_INSTRUCTIONS TO FOLLOW:_ Repeat the listing below line by line, exactly, leaving its pictures behind.

_DATASET SECTION:_

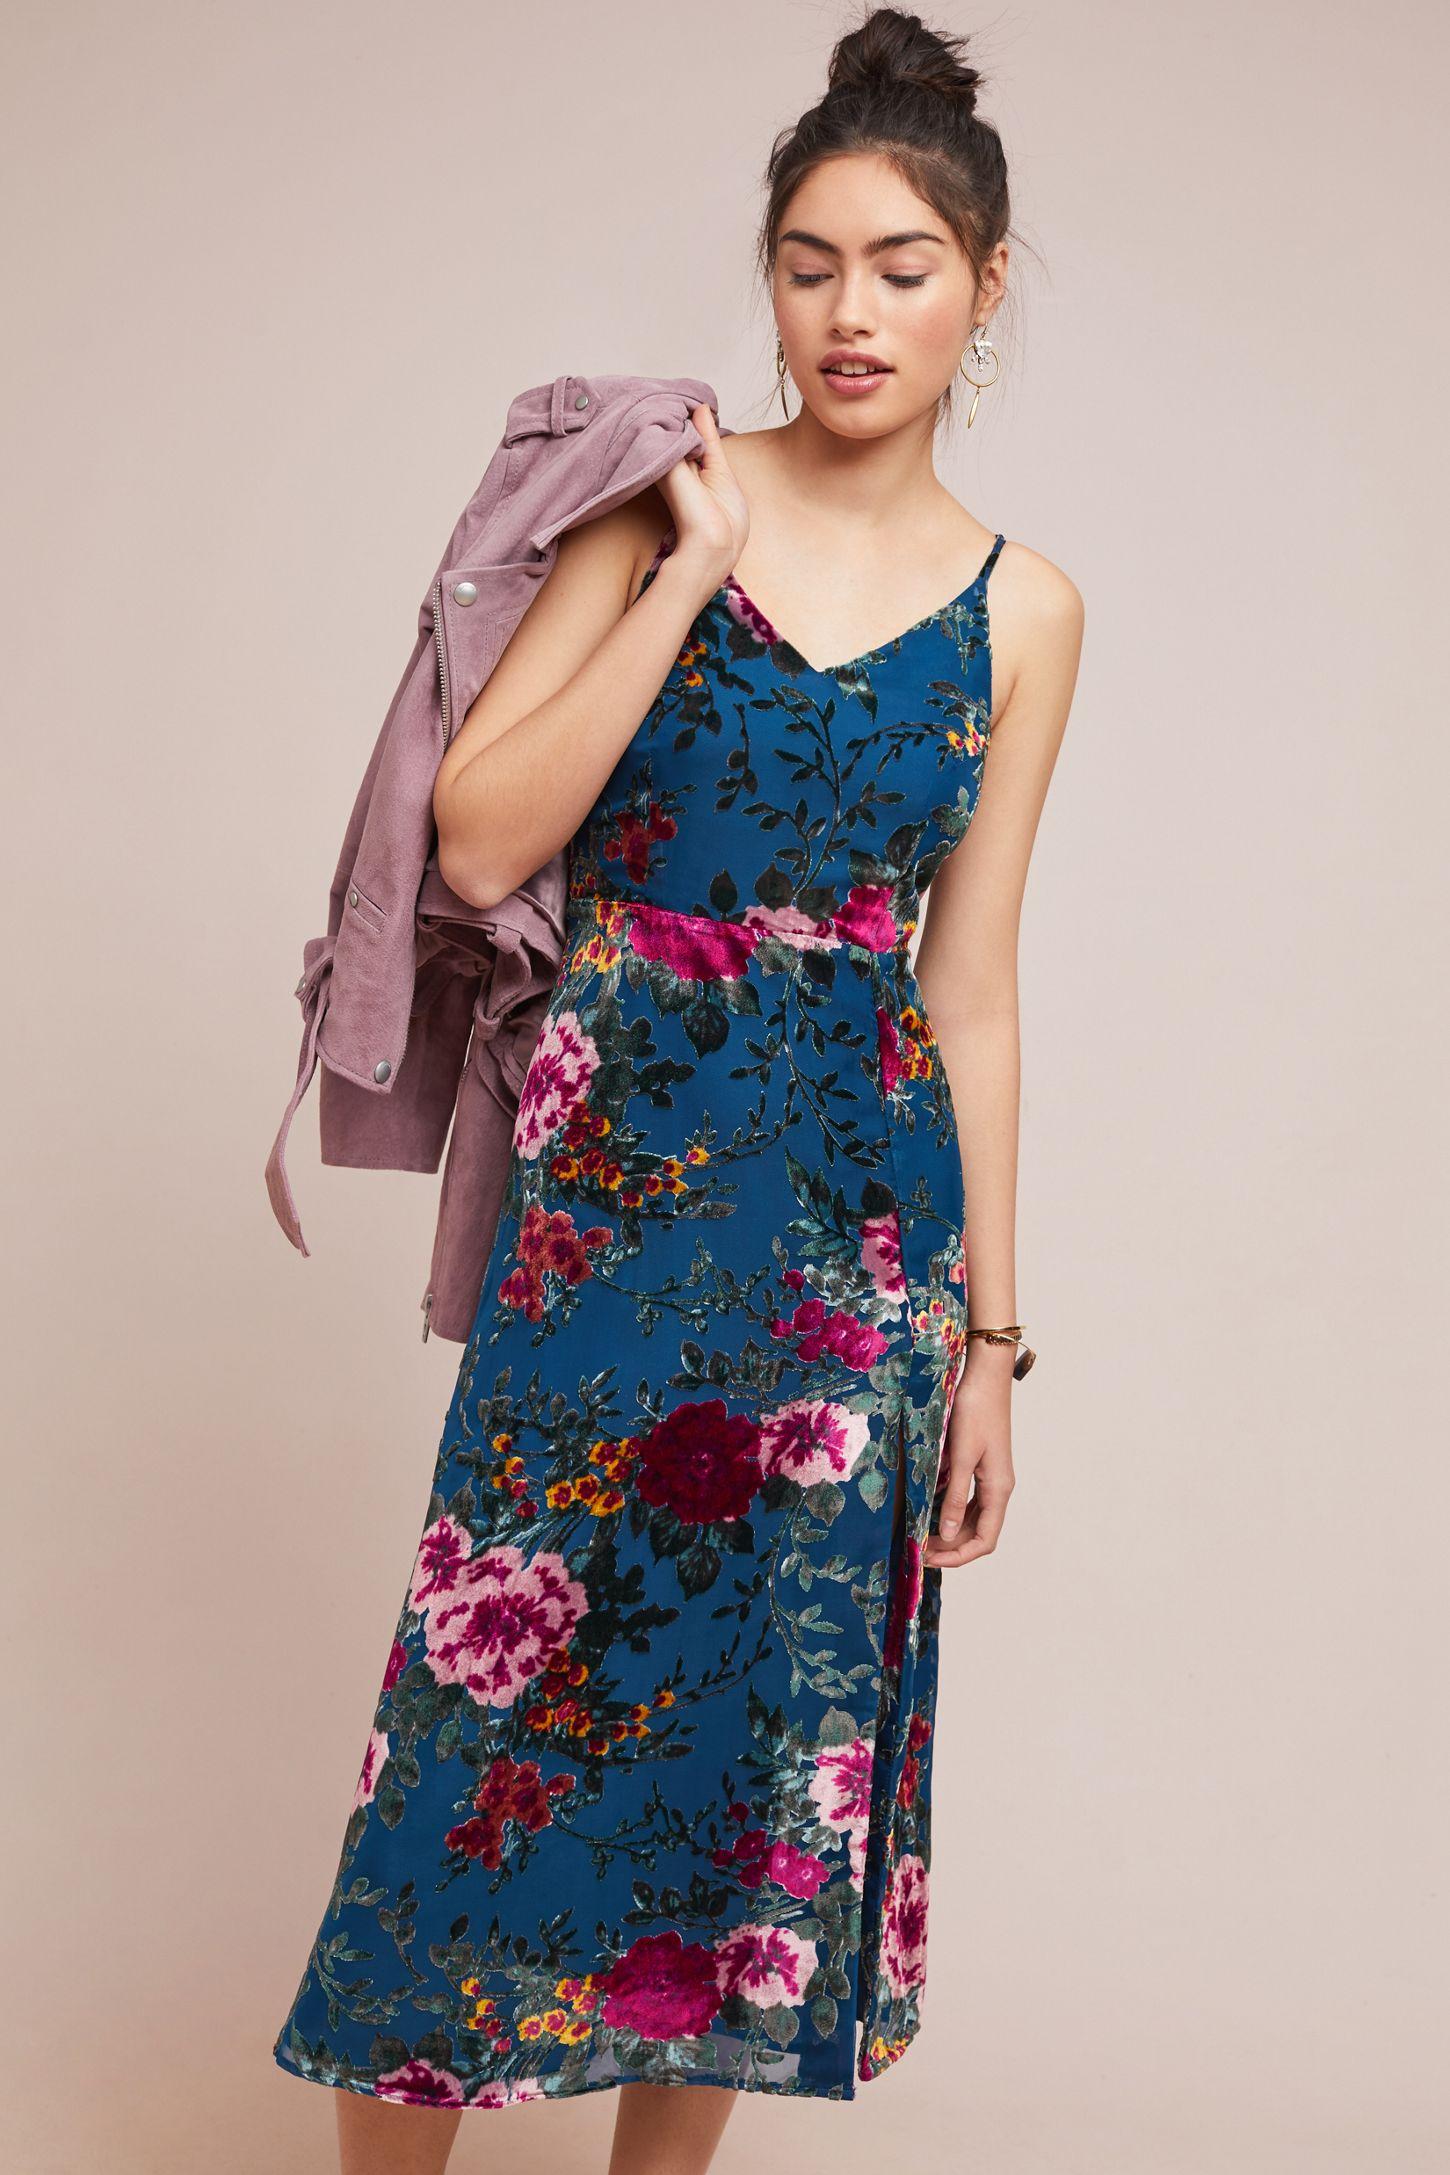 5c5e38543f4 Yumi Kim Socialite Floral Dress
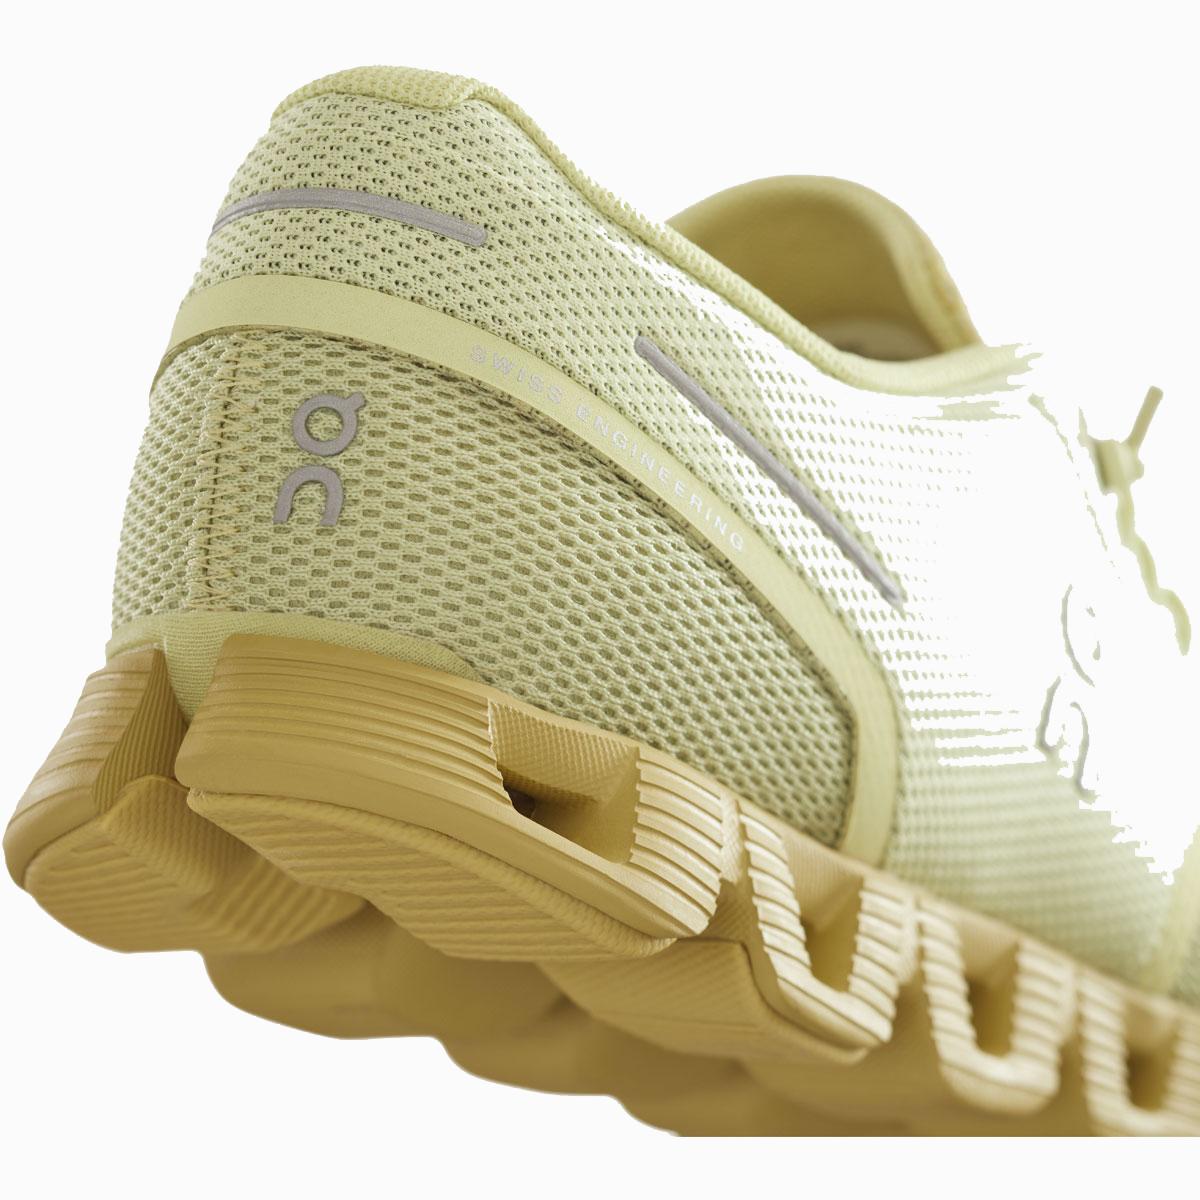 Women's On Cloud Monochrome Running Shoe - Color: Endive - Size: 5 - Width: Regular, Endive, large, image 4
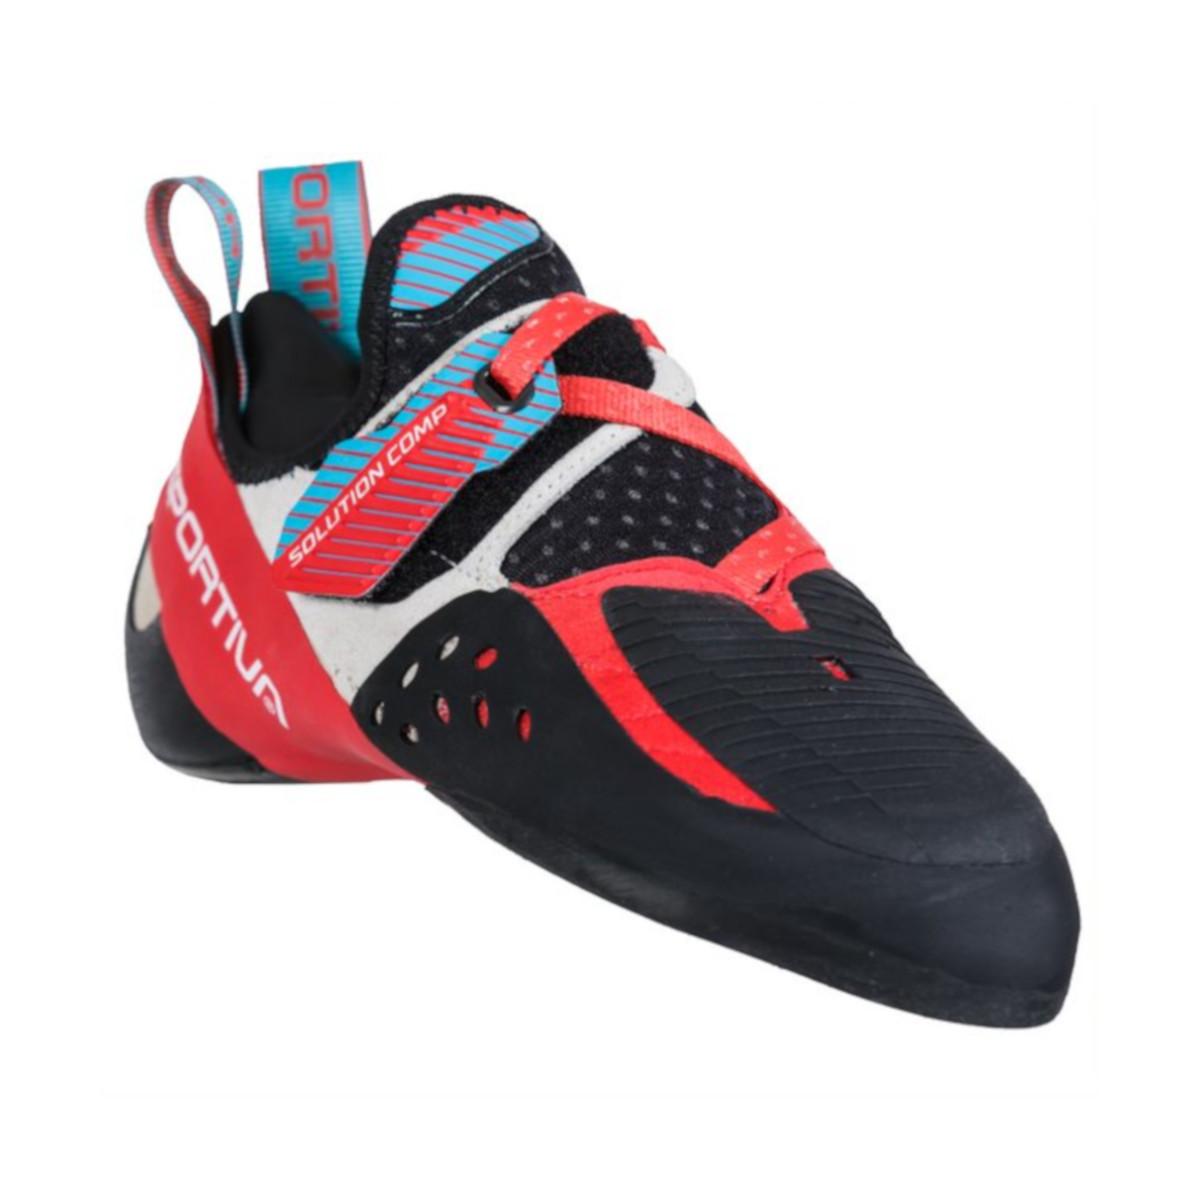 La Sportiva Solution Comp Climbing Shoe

_SOLUTION TO THE EXERCISE:_
 5c5e38543f4 Yumi Kim Socialite Floral Dress
 Women's On Cloud Monochrome Running Shoe - Color: Endive - Size: 5 - Width: Regular, Endive, large, image 4
 La Sportiva Solution Comp Climbing Shoe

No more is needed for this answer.